[[ DATASET EXCERPT open ]]

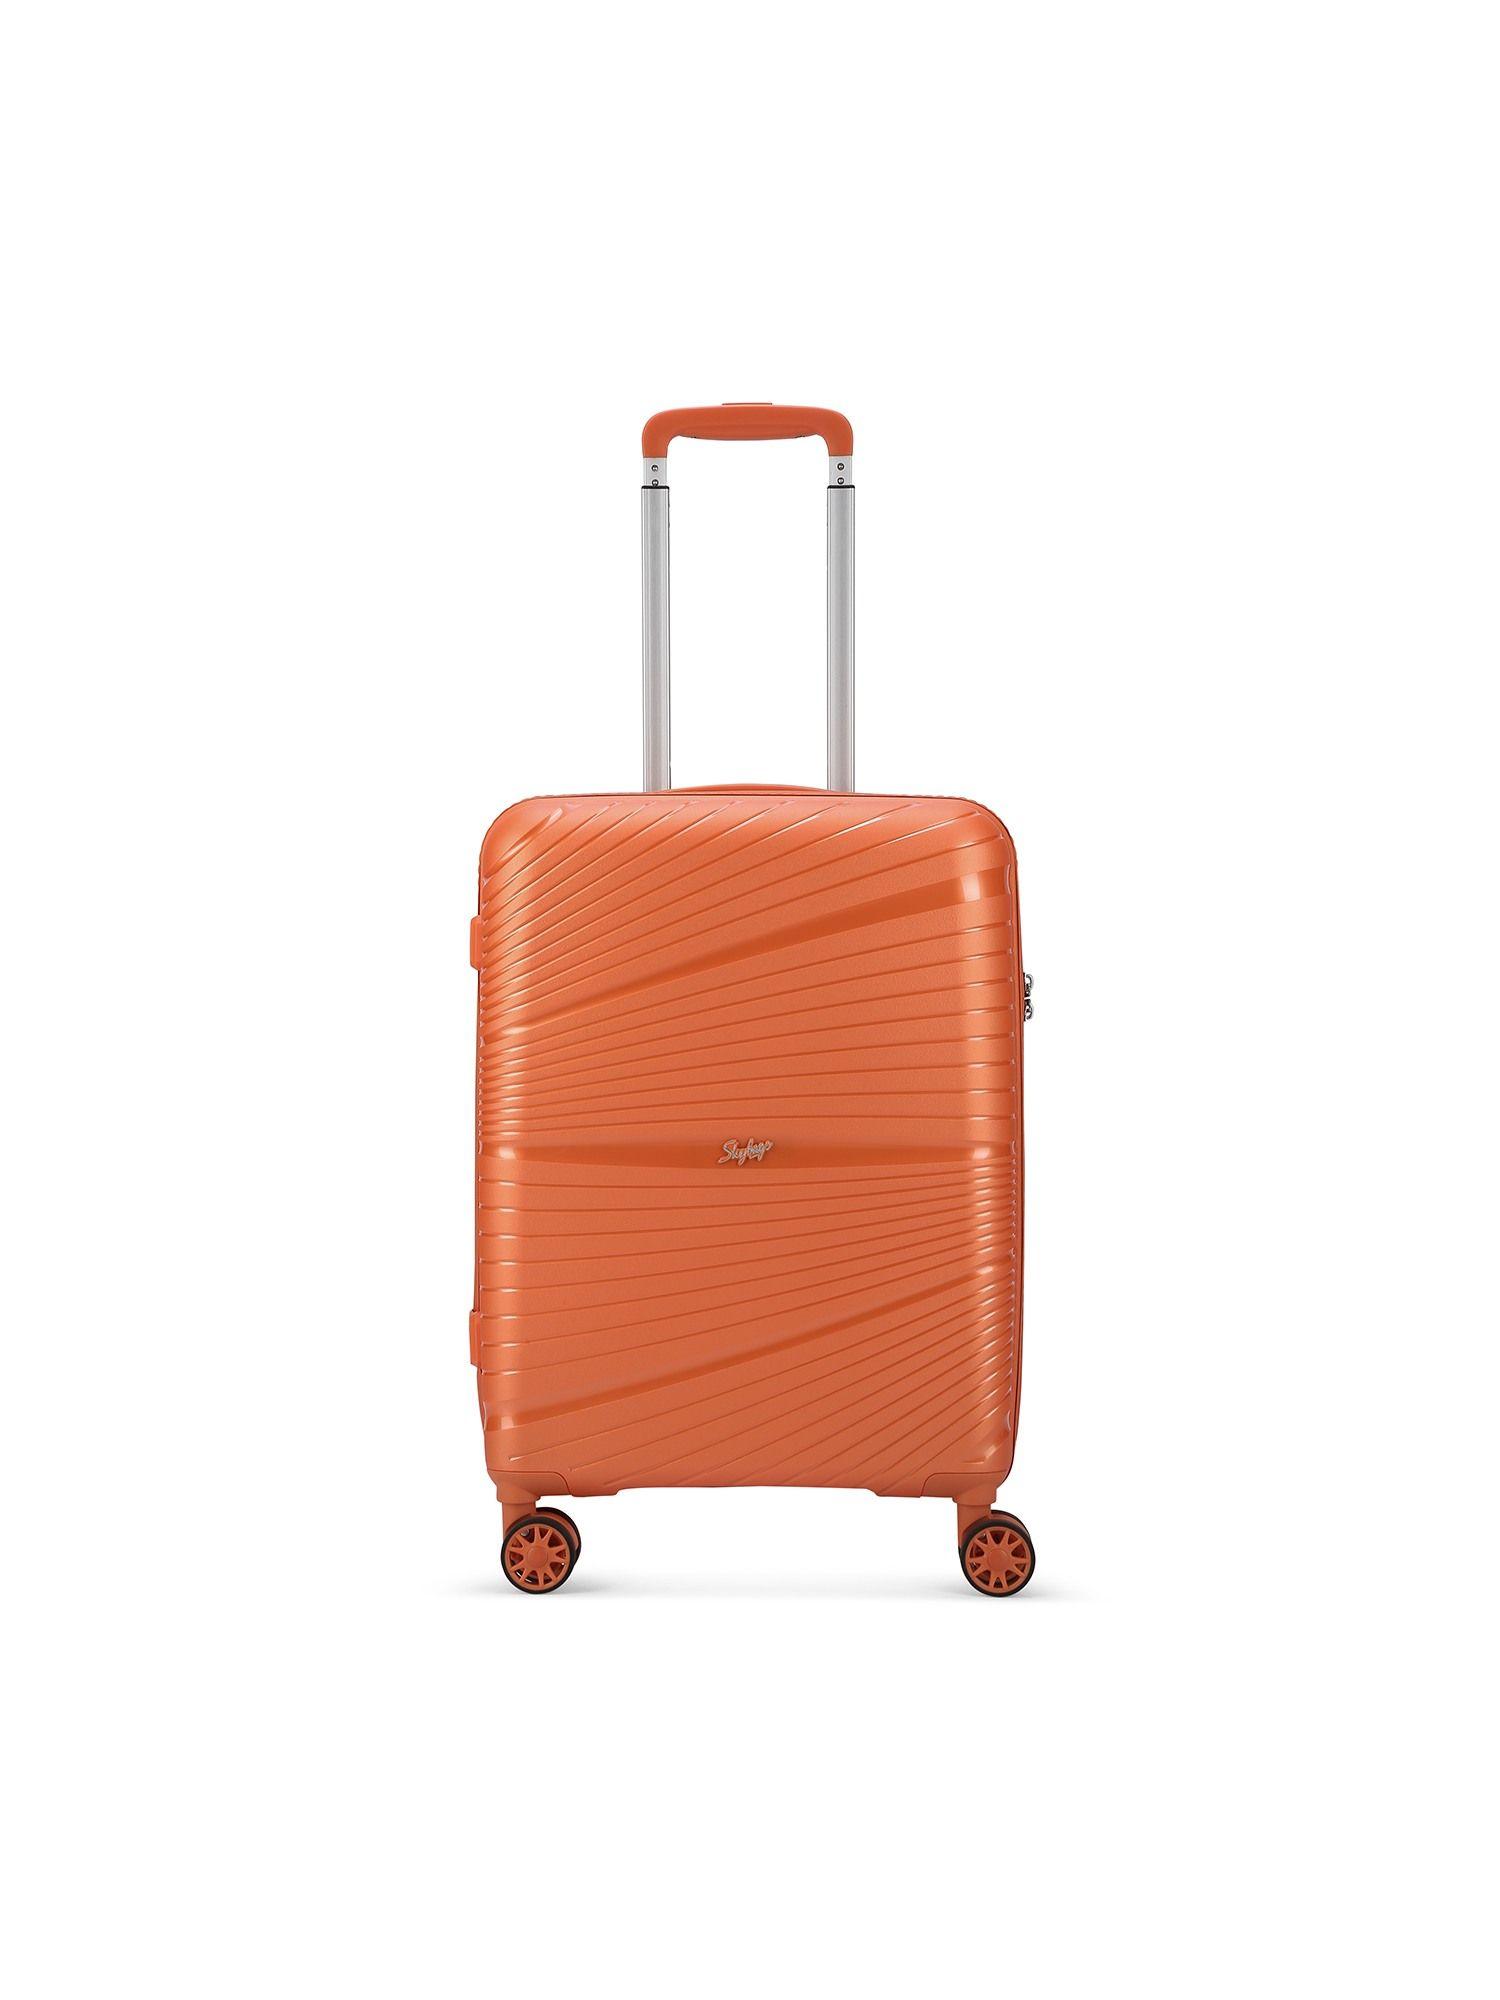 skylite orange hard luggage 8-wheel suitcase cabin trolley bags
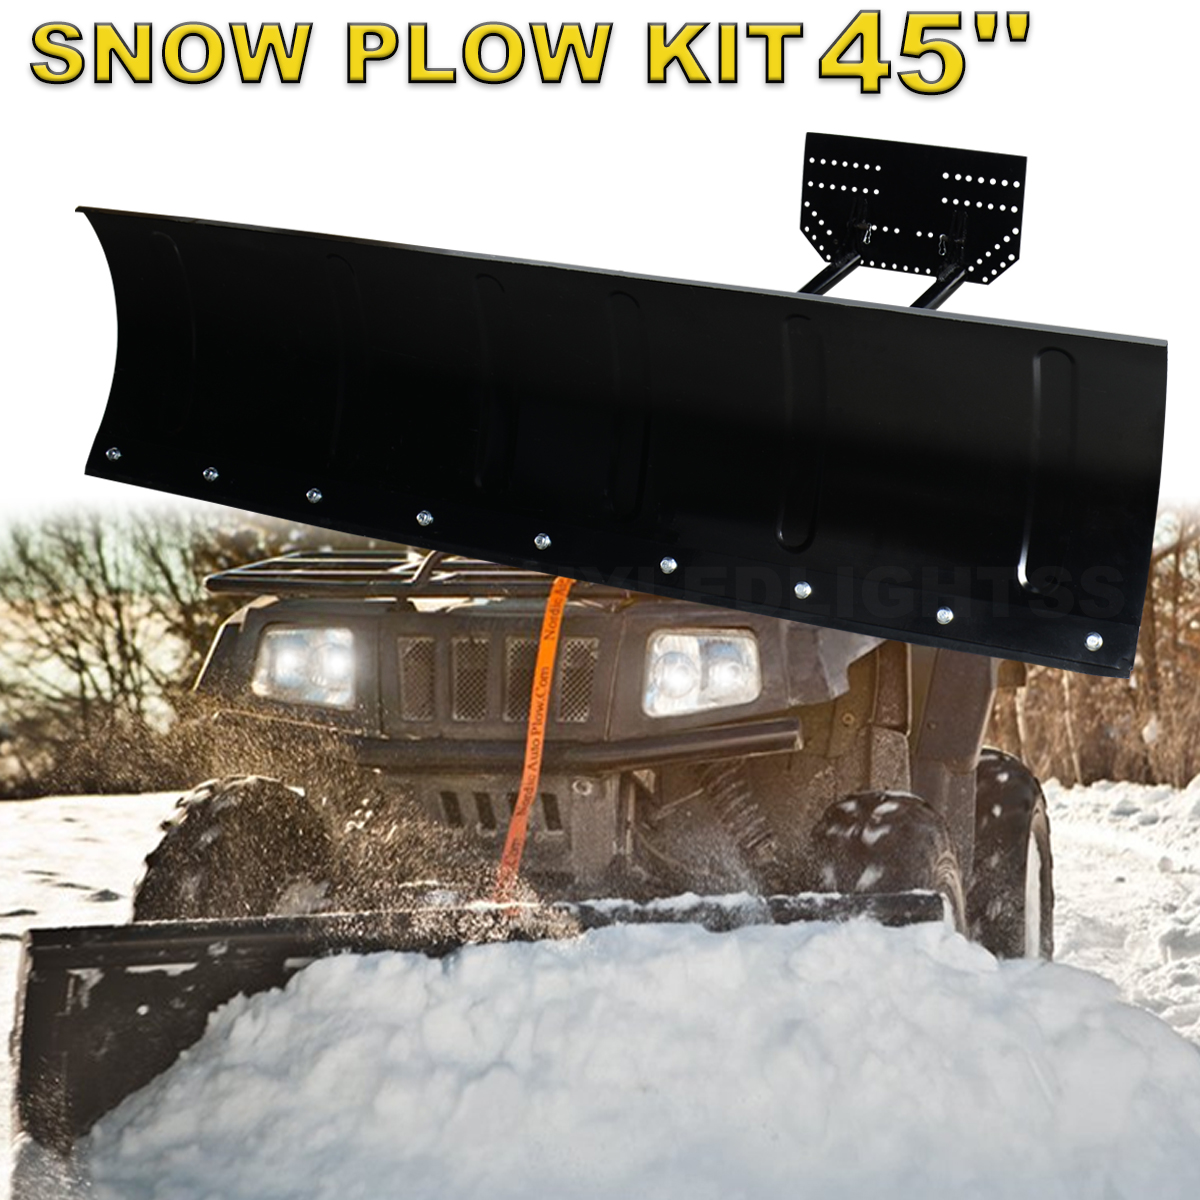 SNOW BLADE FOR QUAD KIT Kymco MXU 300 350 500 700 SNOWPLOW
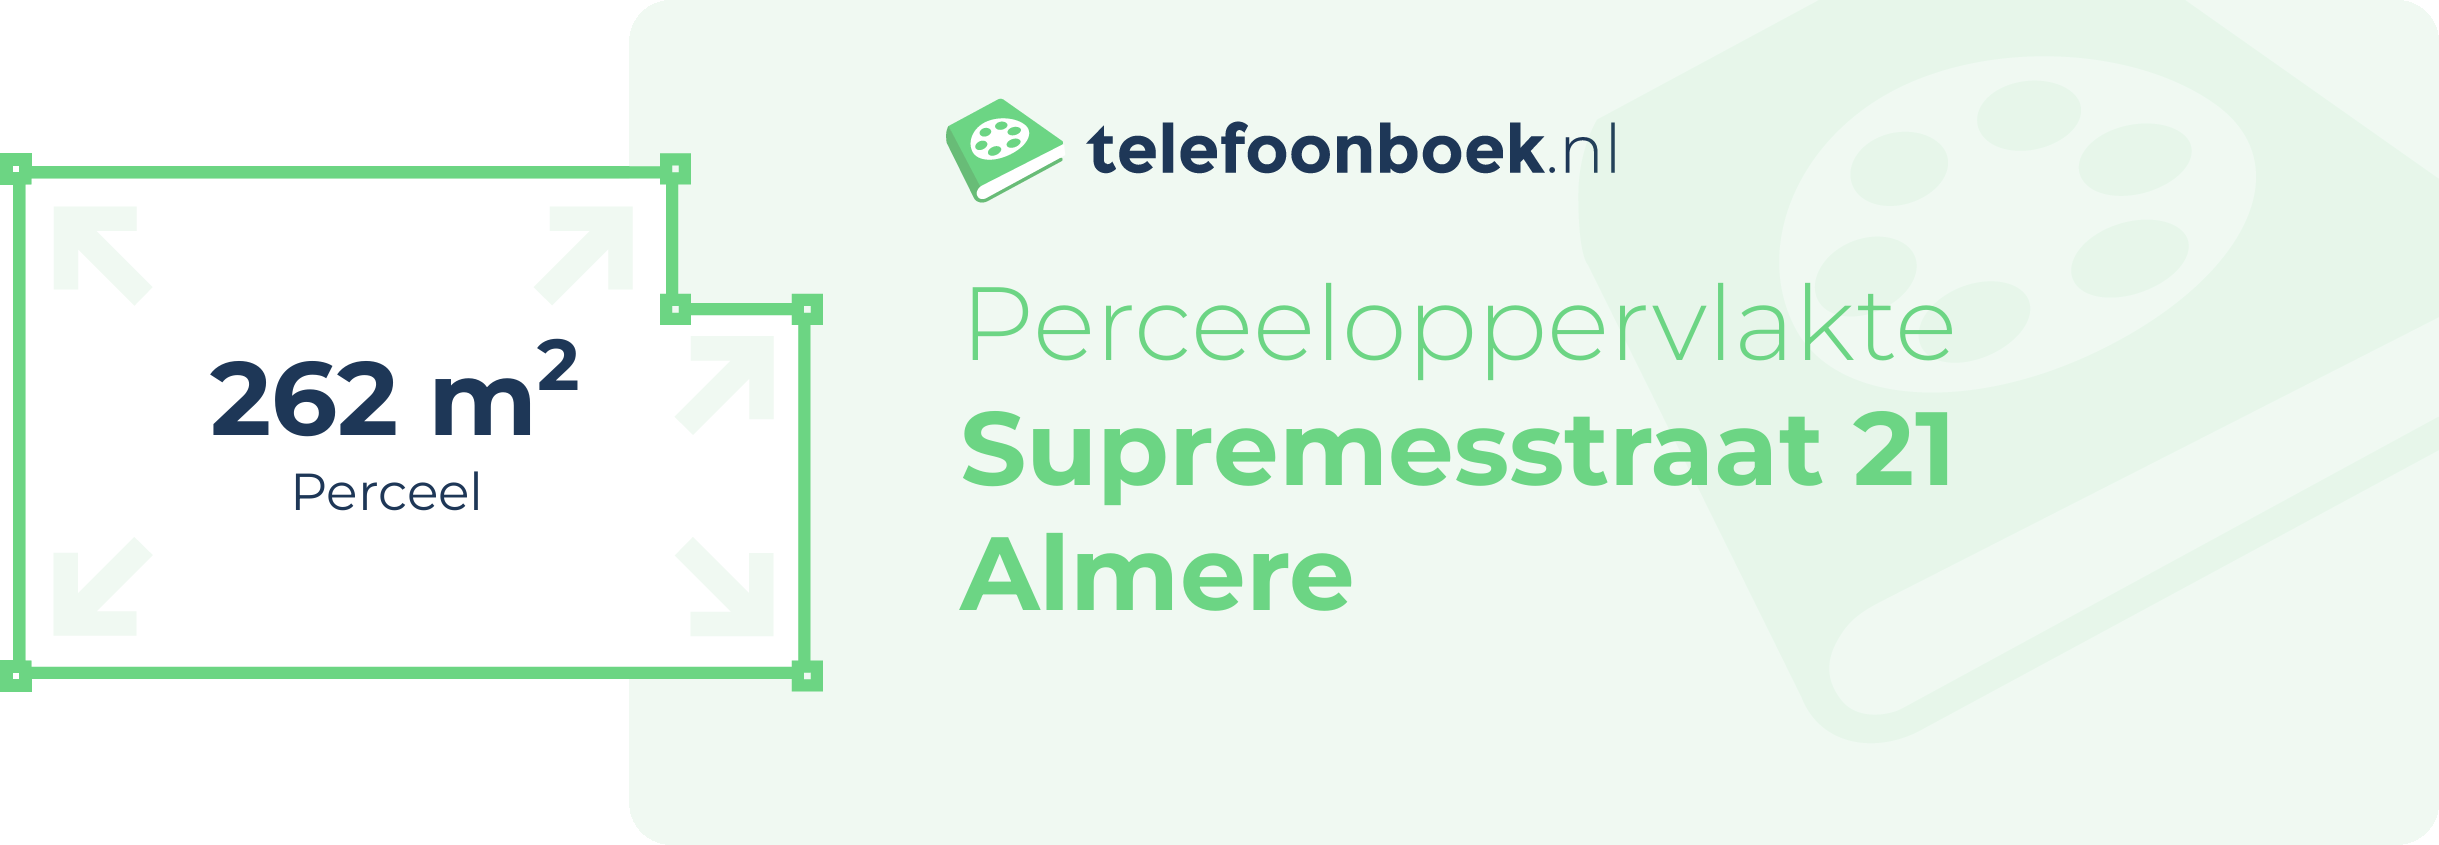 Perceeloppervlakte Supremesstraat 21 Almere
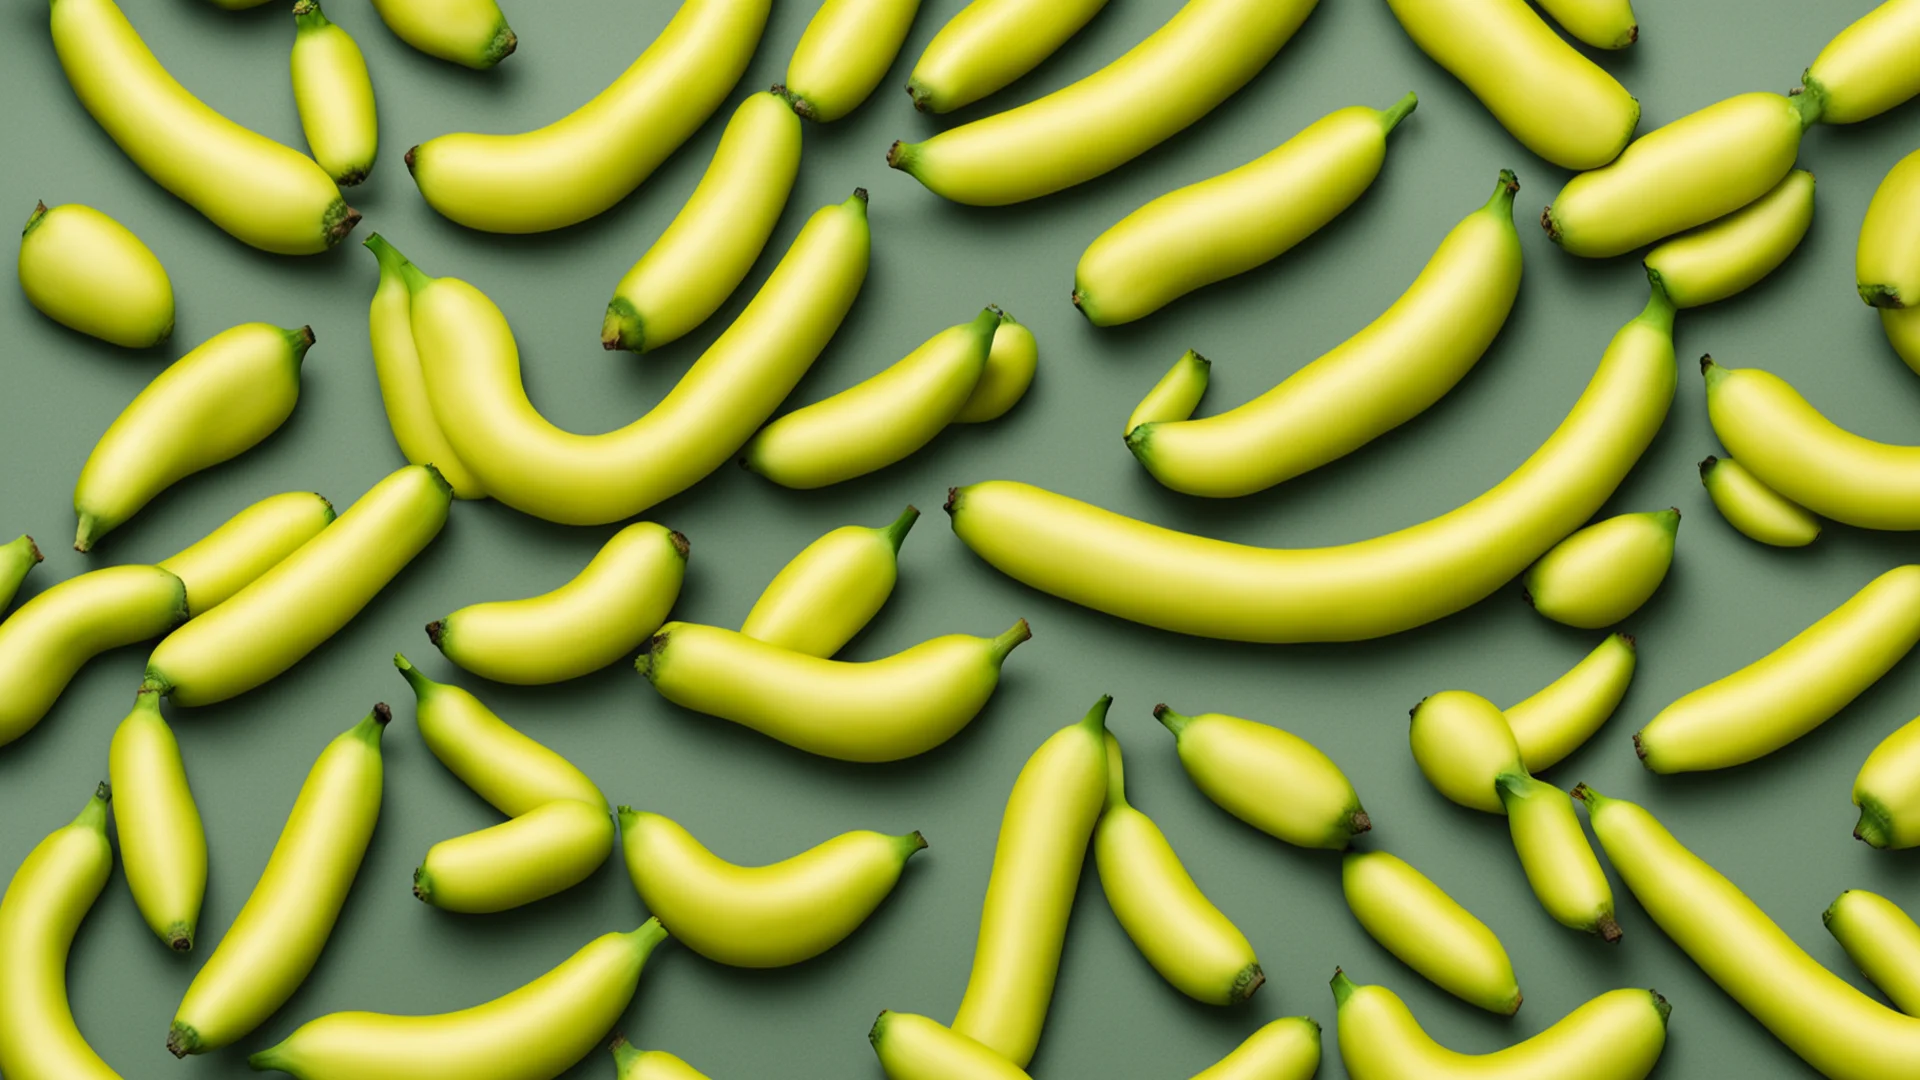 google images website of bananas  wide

[[ DATASET EXCERPT closed ]]

Transcribe the full listing above exactly, with the images removed.

REPLY TO THE TASK:
 skylite orange hard luggage 8-wheel suitcase cabin trolley bags
 SNOW BLADE FOR QUAD KIT Kymco MXU 300 350 500 700 SNOWPLOW
 Perceeloppervlakte Supremesstraat 21 Almere
 google images website of bananas  wide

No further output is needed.